In general, with the scope of queries that can be watched for changes expanding, it would be nice to have a way to clearly distinguish between:

The results of the query as though I had not appended .changes()
Any changes / deltas following that result set.

From the current documentation:

The first notification object in the changefeed stream will contain the query's initial value in new_val and have no old_val field.

This sounds a little ambiguous in the case of multiple initial documents, but it sounds like one can unambiguously distinguish any query's initial results from its change events by waiting for the first response with an old_val key.

If so, then adding a note key makes sense as we won't have to block on the first change to make that distinction. This conversation is strongly related to the return_initial proposal in #3579.

Tryneus commented 9 years ago

Maybe this is crazy, it'd probably require redoing the protocol a bit, but what if we returned two cursors, one for the initial value and one for new changes?

kofalt commented 9 years ago

Handling the case where a query may return more than one cursor sounds like a lot of complexity; can you envision a use case where you'd both want the initial data set, and want to read new changes before reading said initial data?

hpx7 commented 9 years ago

The only issue I see with the {note: "last_initial_val"} solution is that it requires the database to know, when publishing a particular row, whether that row is the final one.
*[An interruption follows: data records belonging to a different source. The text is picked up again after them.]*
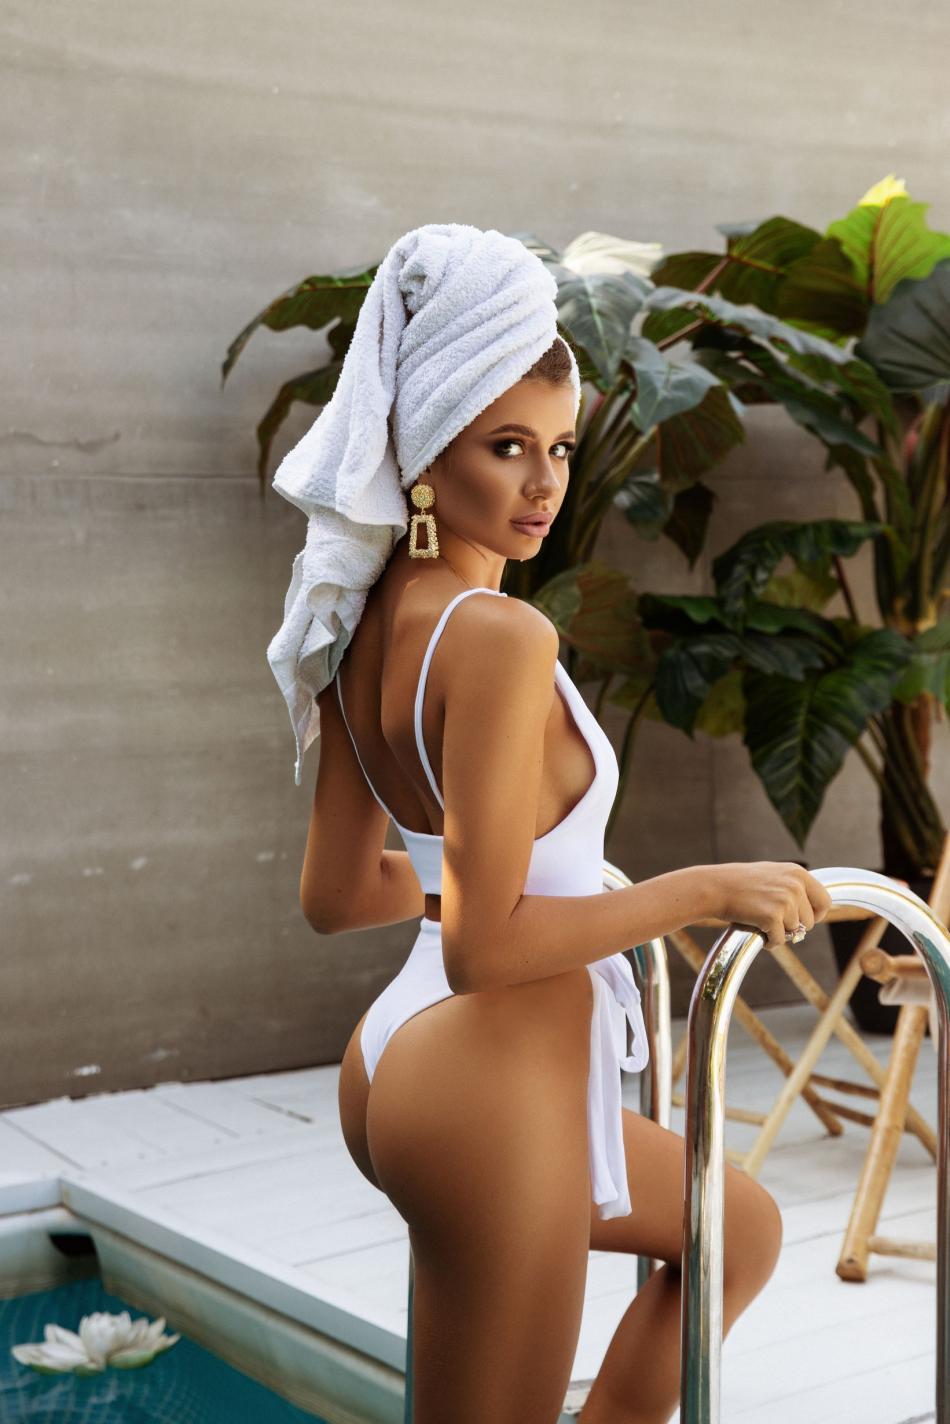 alt Ladyfordaddy.com Tina Escort Girl In New York 7704112 - 2 2
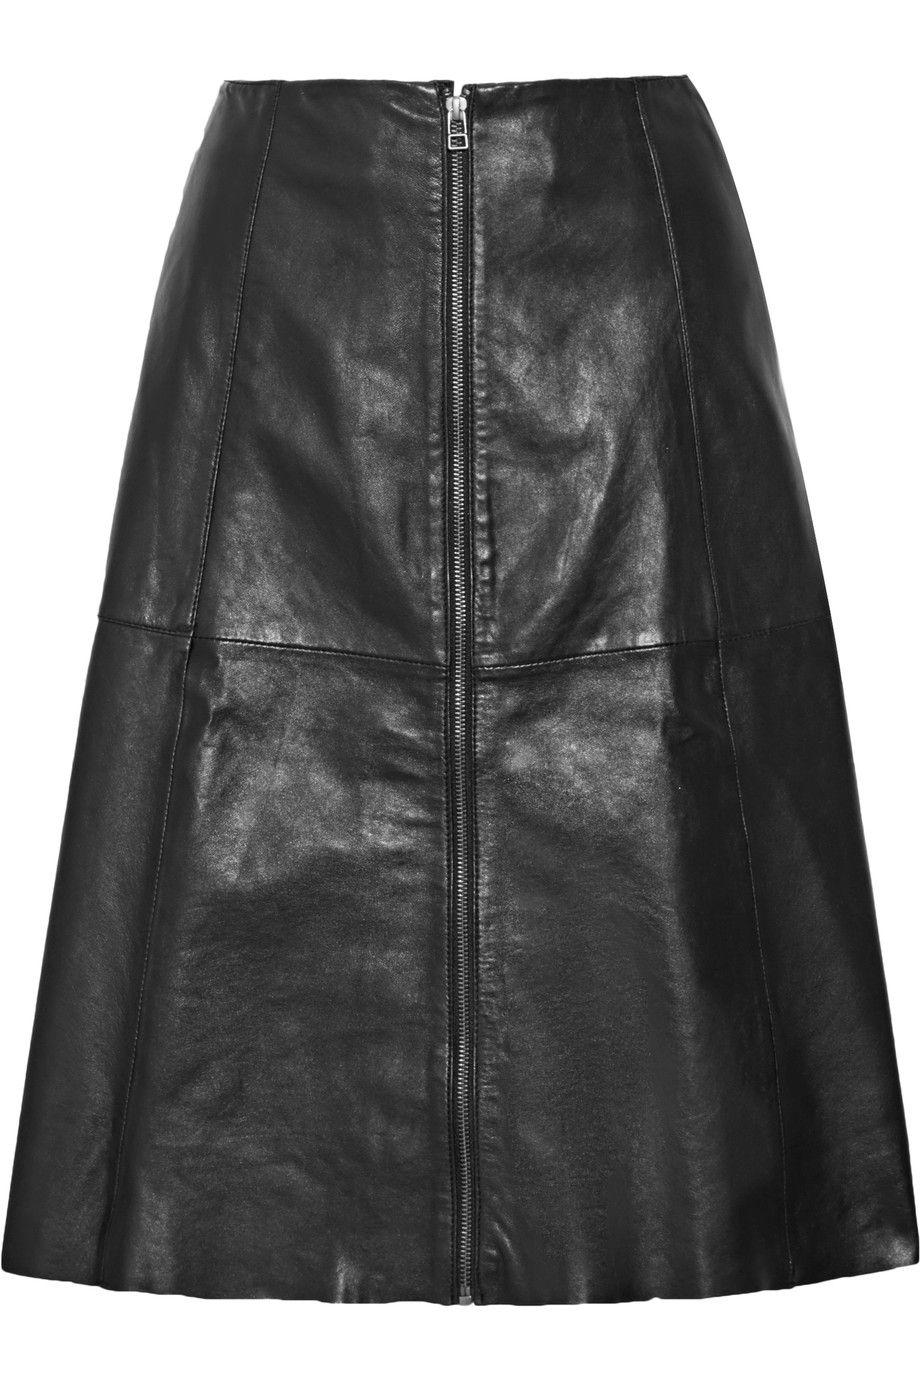 ede44d1d4 MUUBAA . #muubaa #cloth #skirt   Muubaa   Leather skirt, Black ...
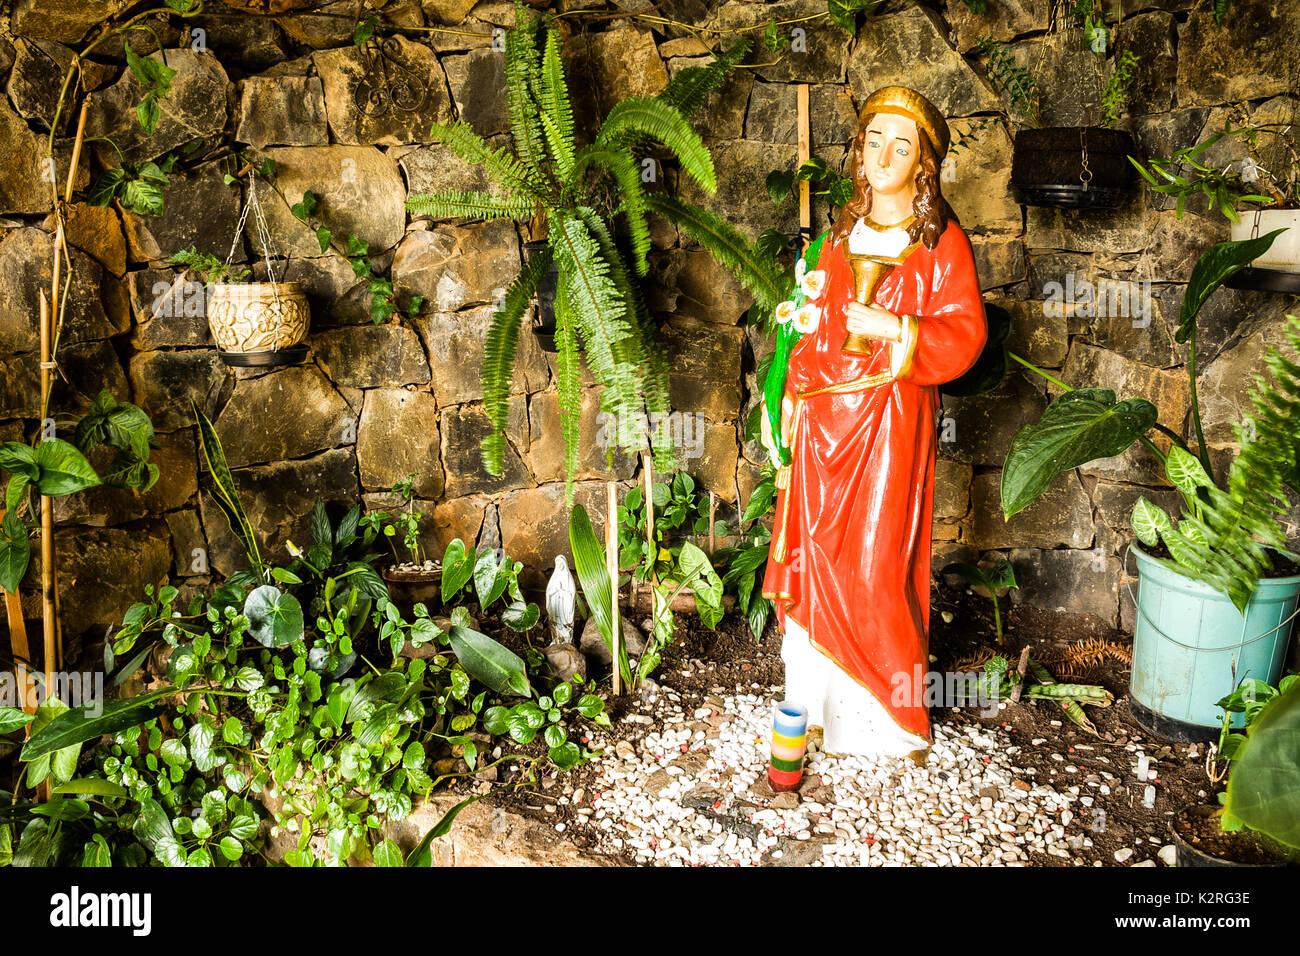 Santa Luzia Sanctuary at Santa Lucia Square. Novo Horizonte, Santa Catarina, Brazil. Stock Photo
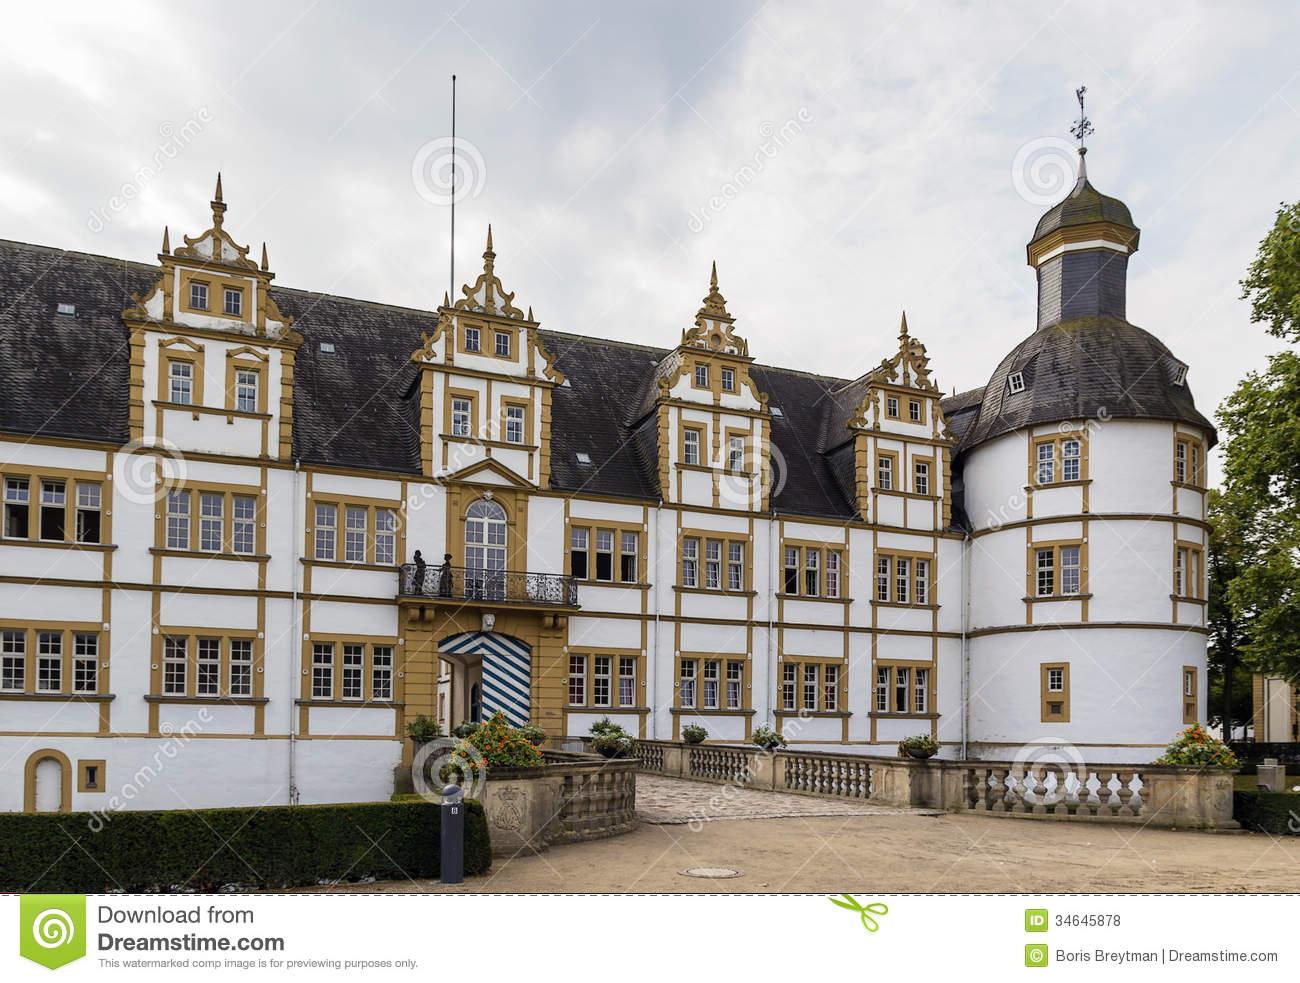 Neuhaus Castle In Paderborn, Germany Royalty Free Stock Photos.
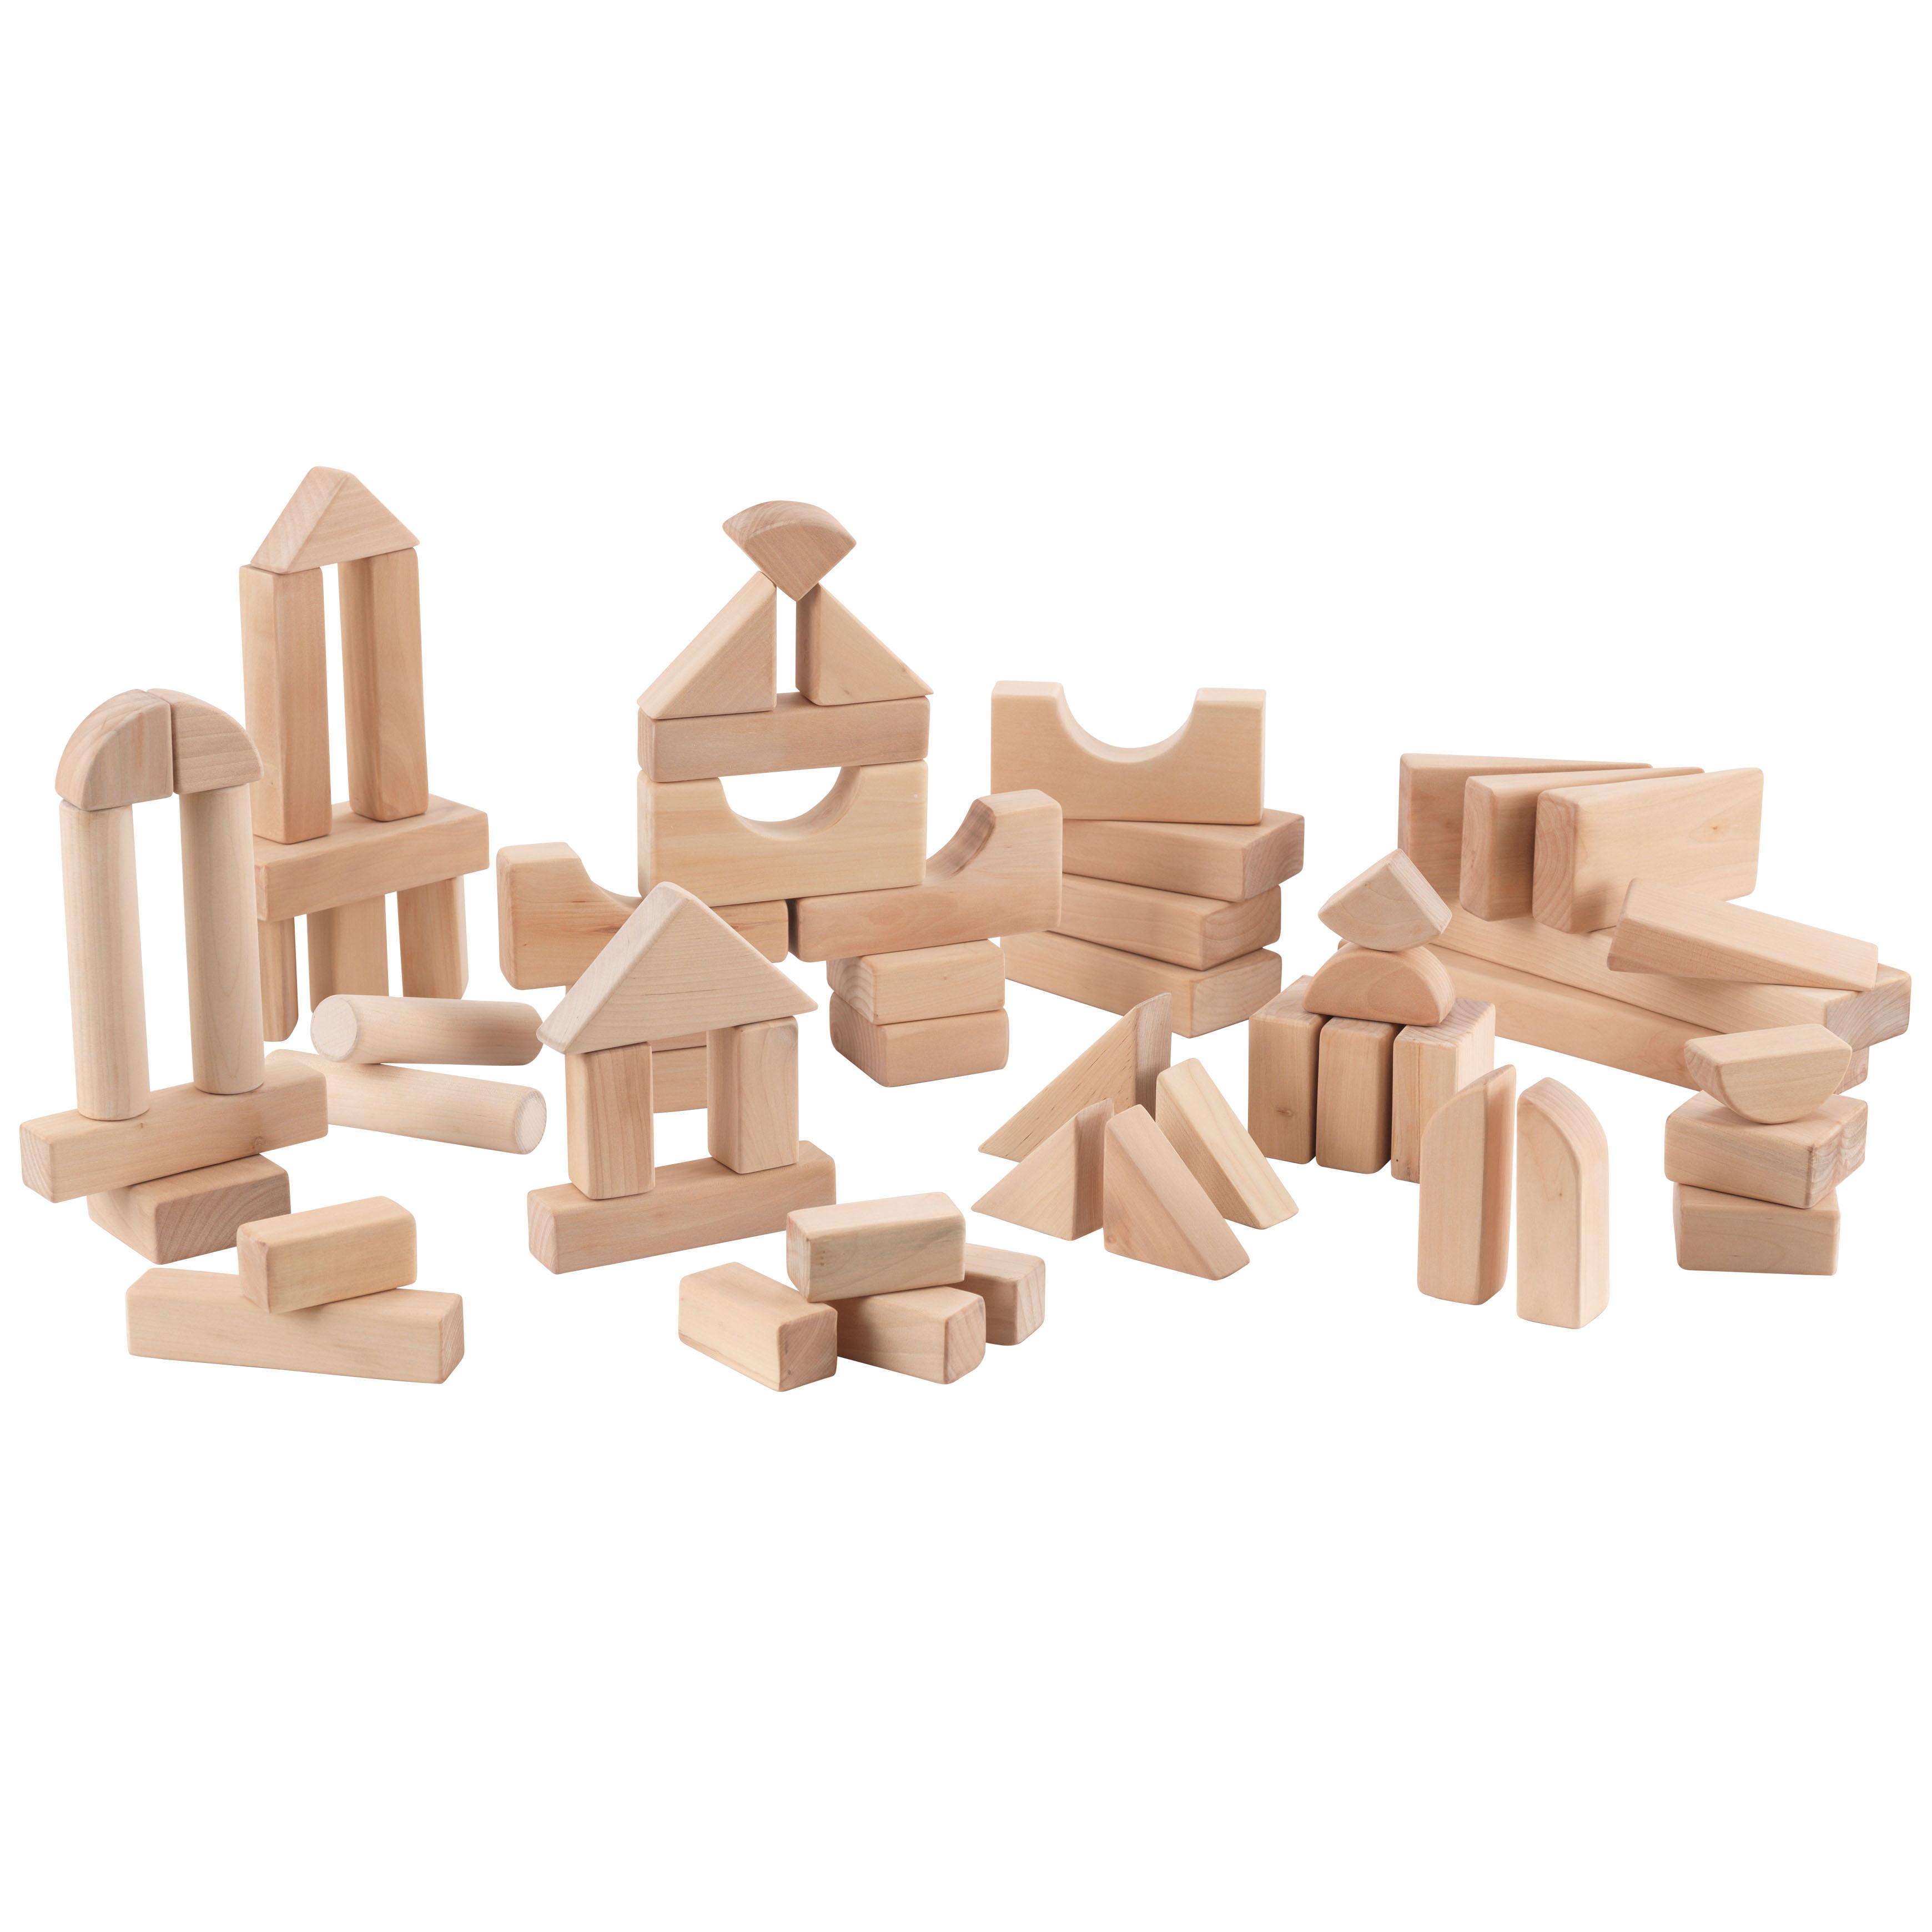 KidKraft 60-Piece Wooden Block Set - Natural

I can imagine scenarios in which this may not be a desirable property.

One solution that doesn't have this problem is simple adding a {ready: true} message to the protocol, but extending the protocol to support this may break backwards compatibility.

kofalt commented 9 years ago

I suppose the {note: "last_initial_val"} option will also not work in the case where a query happens to not return any values initially, which is something you may not be able to predict depending on your current application state.

mlucy commented 9 years ago

That's a fair point about not being able to attach the note if there are no initial values. Maybe breaking backwards compatibility is better then. (We could also omit the {ready: true} documents by default and have an optarg to turn them on; that would preserve backwards compatibility while letting people who really need this information get it.)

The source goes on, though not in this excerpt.